> **Given entries**
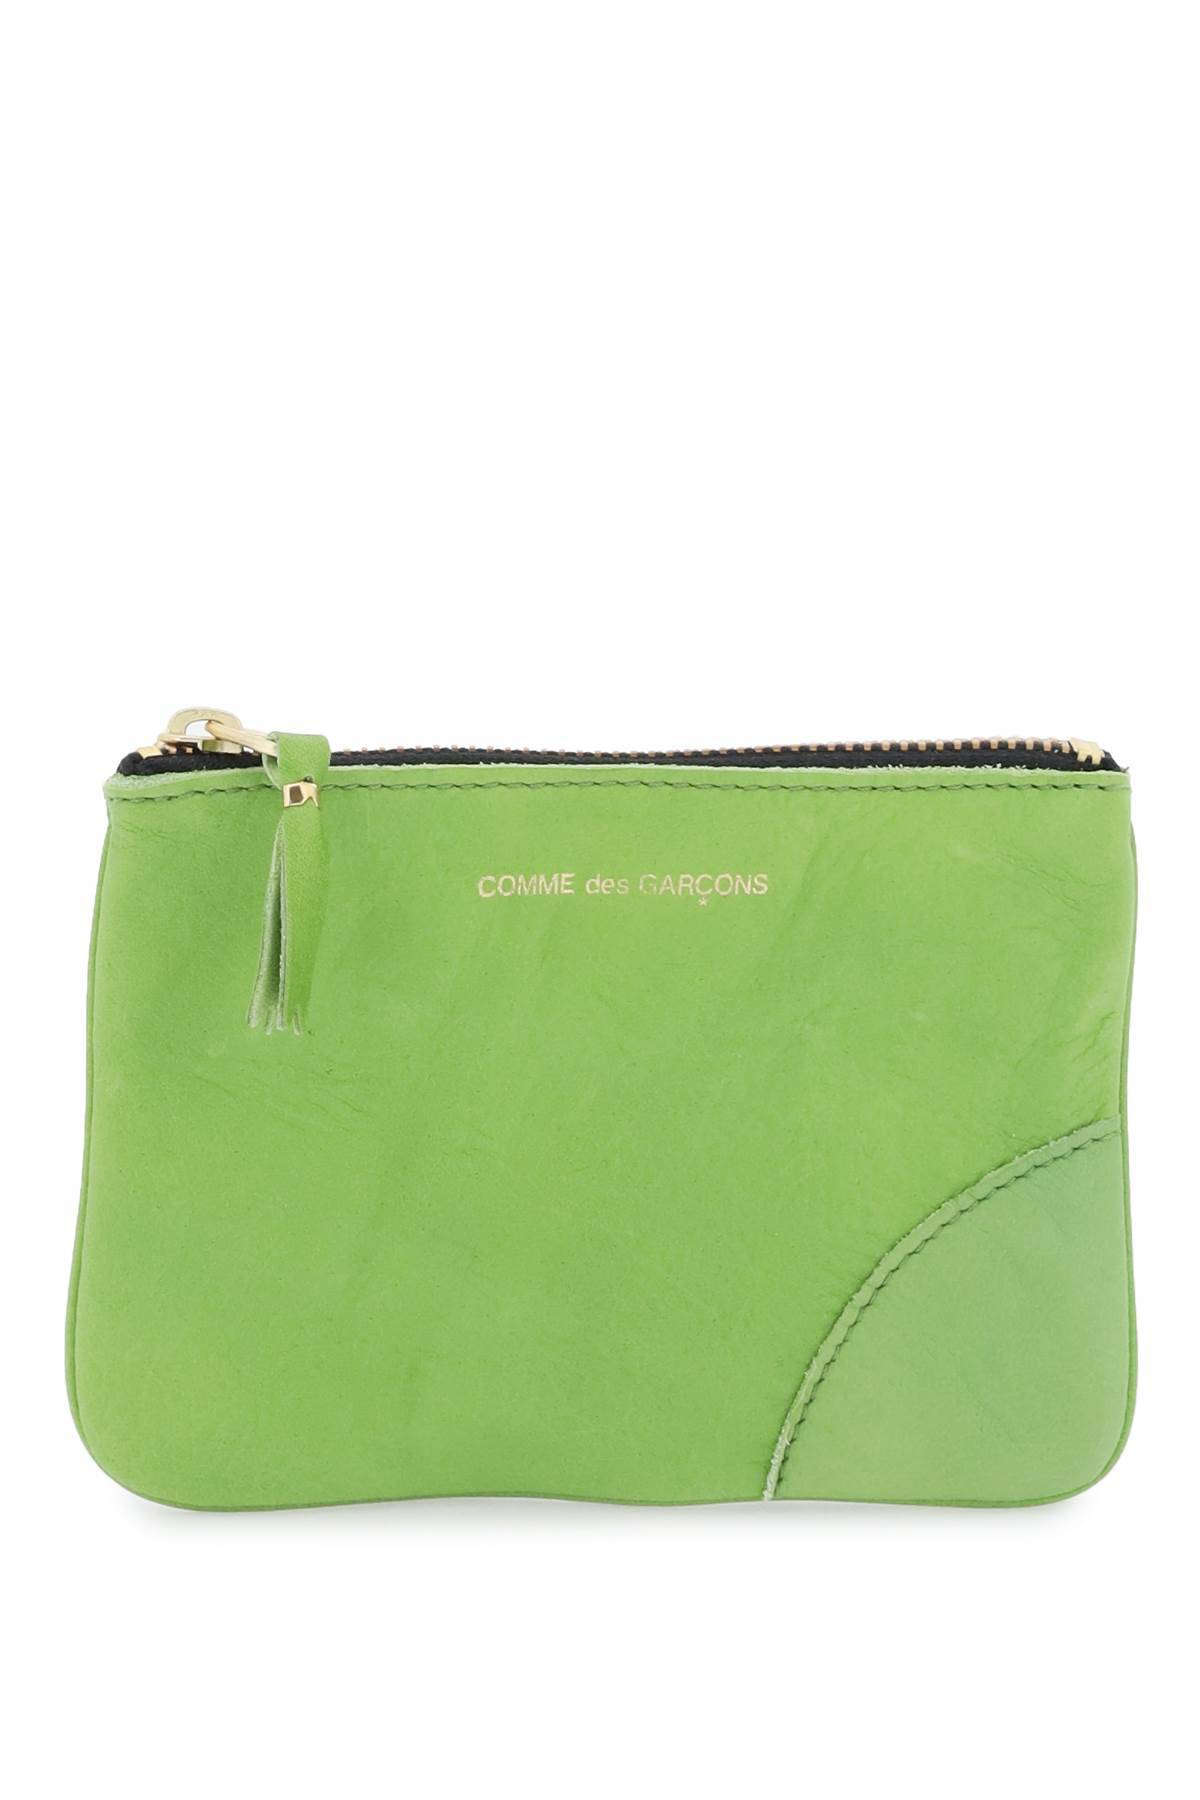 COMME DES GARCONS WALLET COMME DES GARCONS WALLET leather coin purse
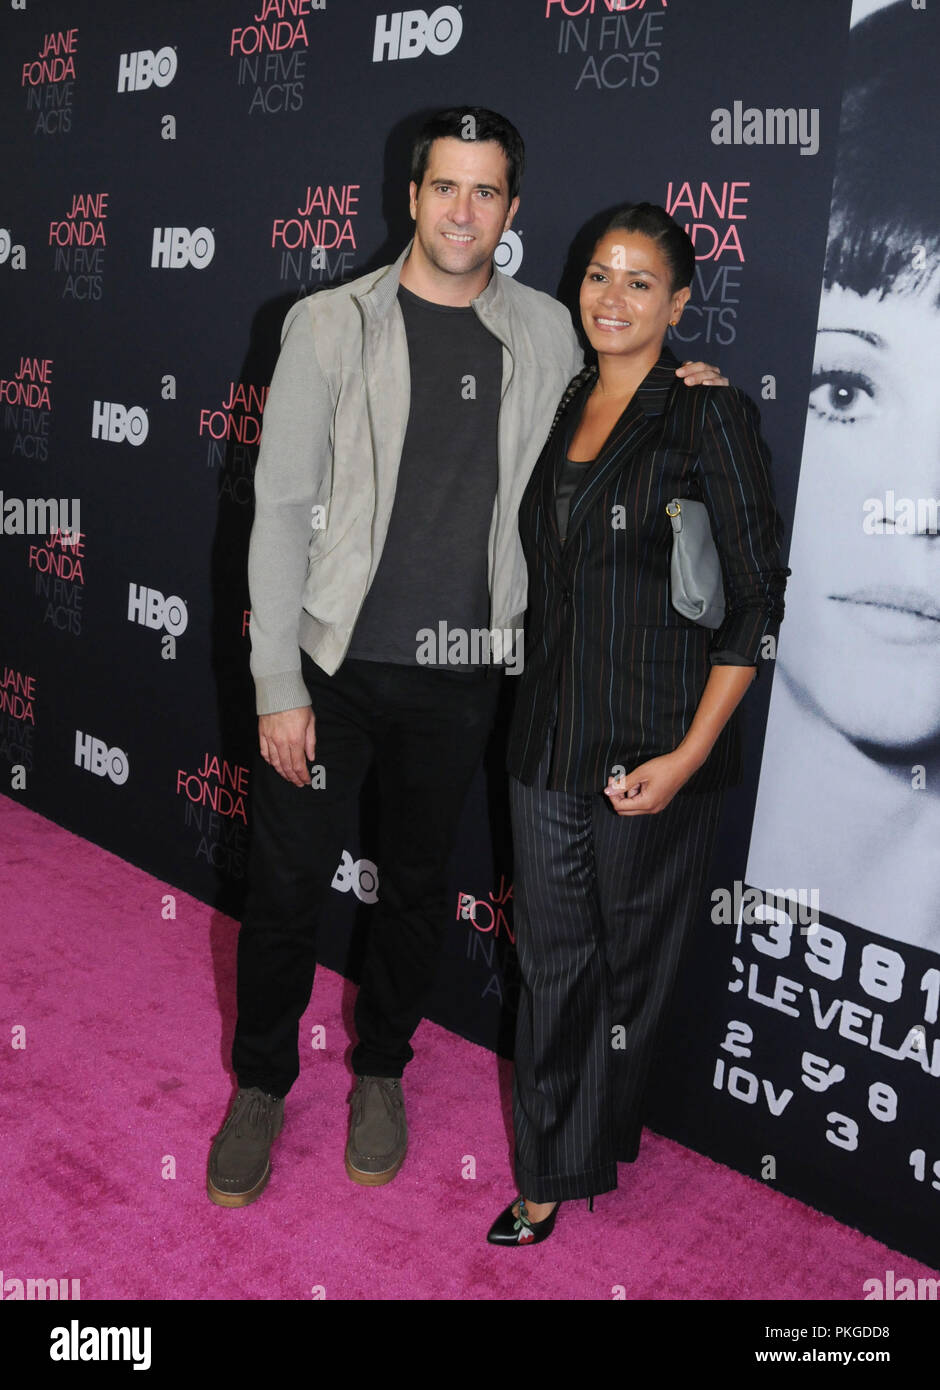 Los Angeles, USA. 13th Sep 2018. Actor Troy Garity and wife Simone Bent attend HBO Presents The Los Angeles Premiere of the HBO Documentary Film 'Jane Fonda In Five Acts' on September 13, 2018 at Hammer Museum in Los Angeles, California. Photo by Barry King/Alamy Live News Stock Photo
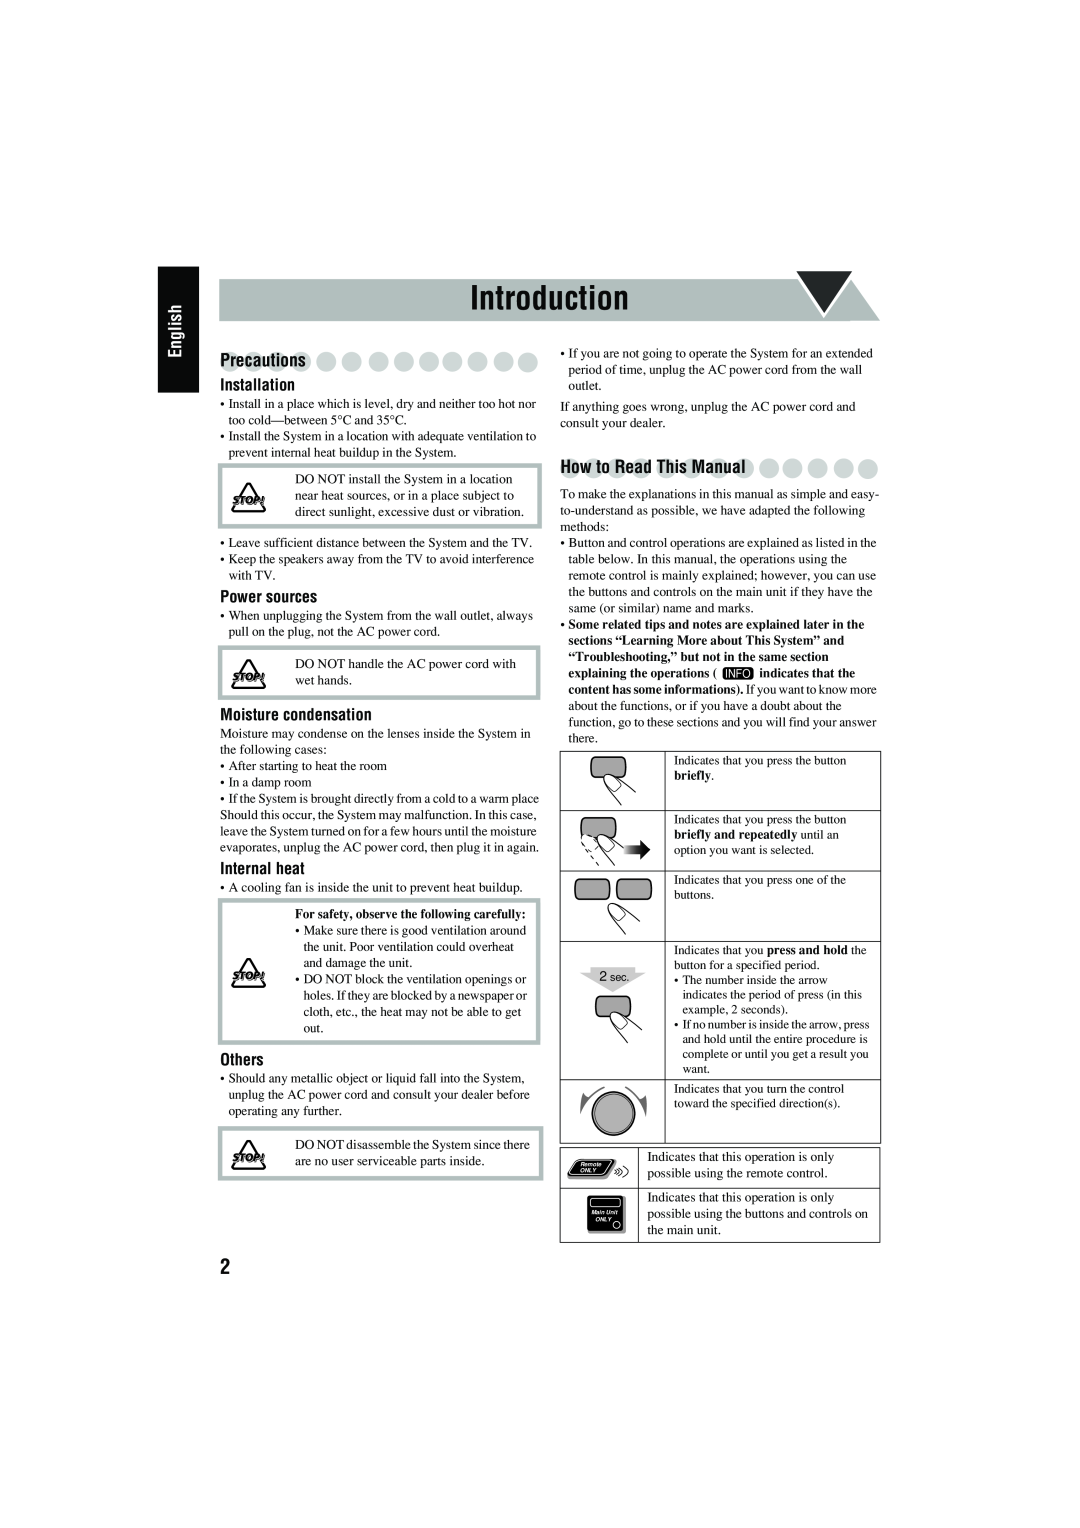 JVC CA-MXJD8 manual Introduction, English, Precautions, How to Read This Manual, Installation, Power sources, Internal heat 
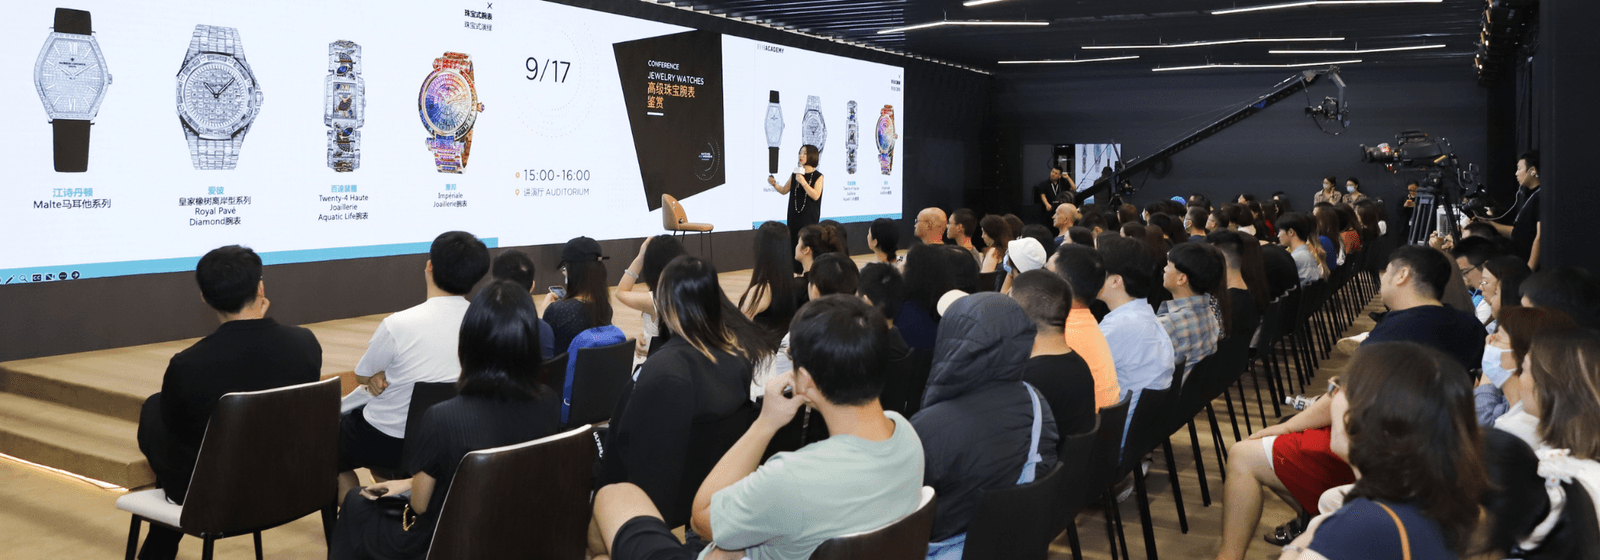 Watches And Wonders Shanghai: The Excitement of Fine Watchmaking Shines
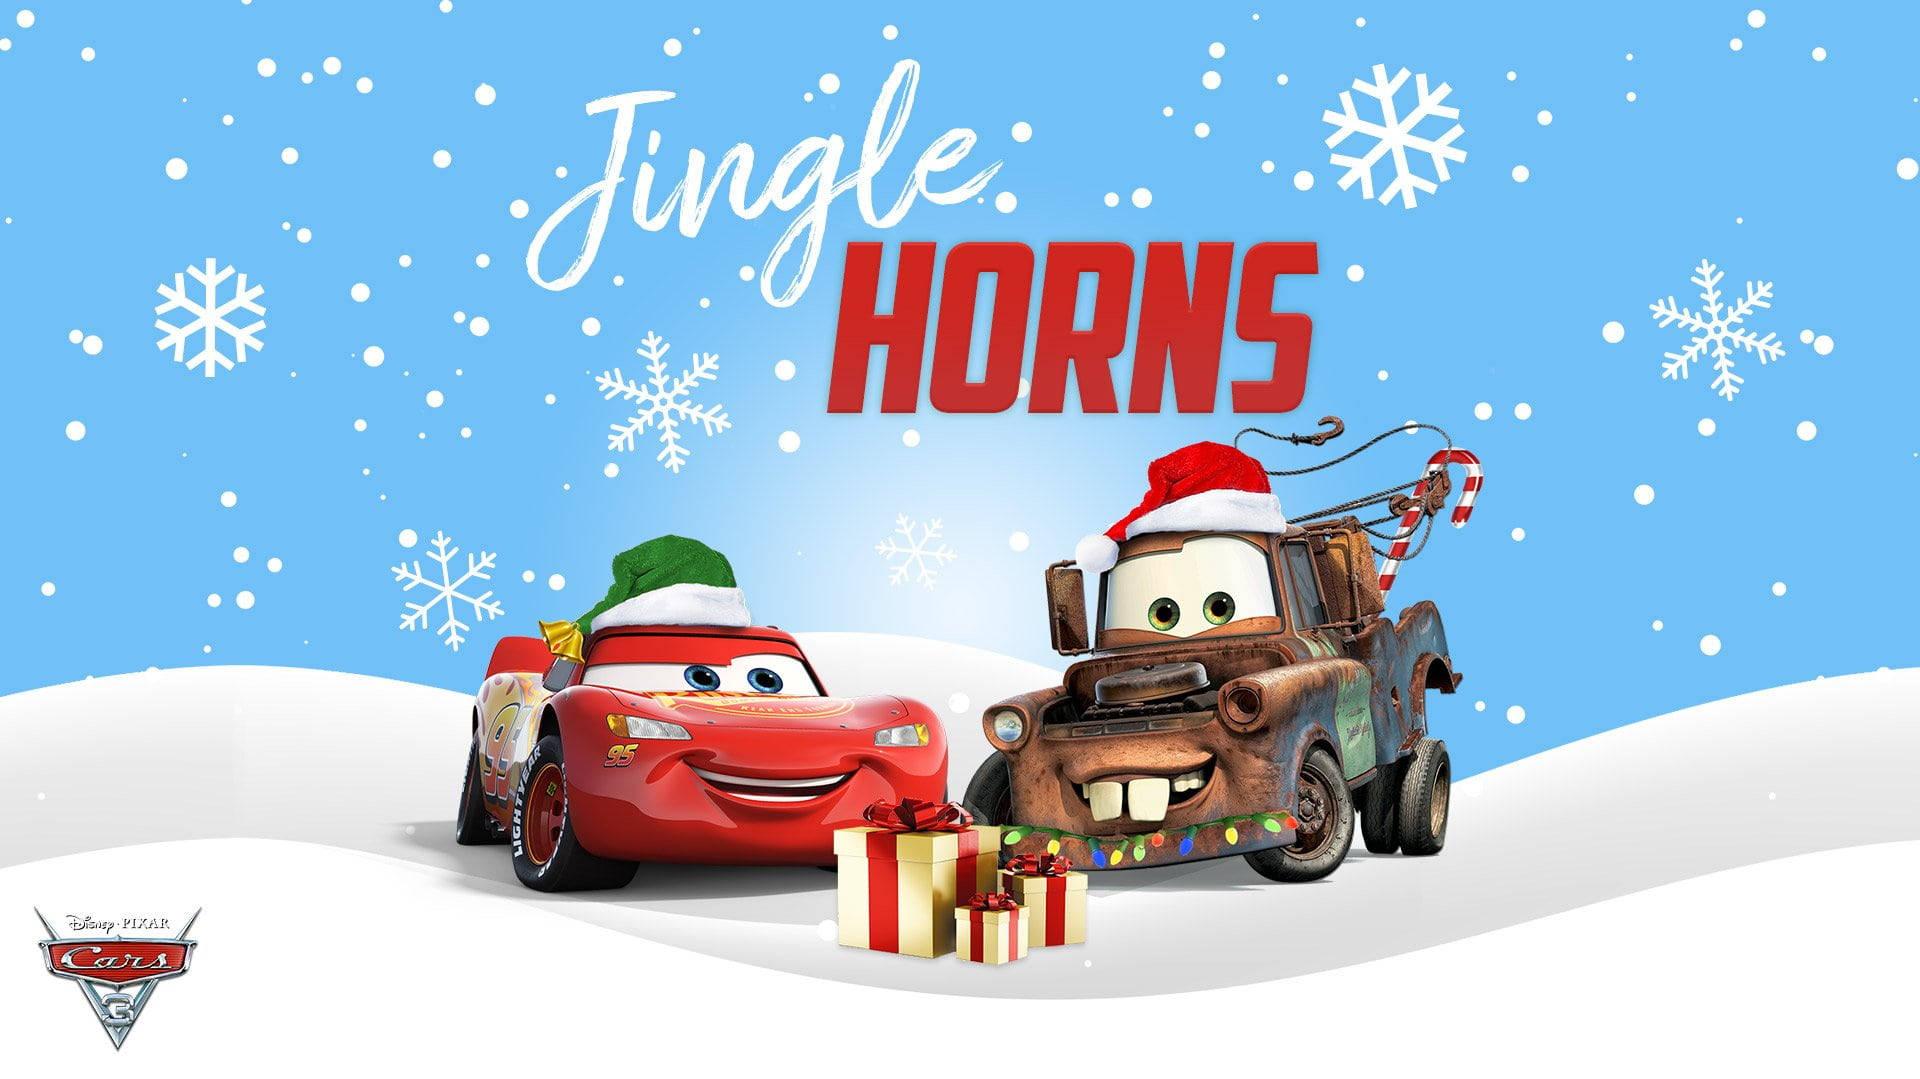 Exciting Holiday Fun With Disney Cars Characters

> **What you have to do**
Word for word, return all the entries and skip their pictures.

> **Task response**
 COMME DES GARCONS WALLET COMME DES GARCONS WALLET leather coin purse
 Los Angeles, USA. 13th Sep 2018. Actor Troy Garity and wife Simone Bent attend HBO Presents The Los Angeles Premiere of the HBO Documentary Film 'Jane Fonda In Five Acts' on September 13, 2018 at Hammer Museum in Los Angeles, California. Photo by Barry King/Alamy Live News Stock Photo
 JVC CA-MXJD8 manual Introduction, English, Precautions, How to Read This Manual, Installation, Power sources, Internal heat 
 Watches And Wonders Shanghai: The Excitement of Fine Watchmaking Shines
 Exciting Holiday Fun With Disney Cars Characters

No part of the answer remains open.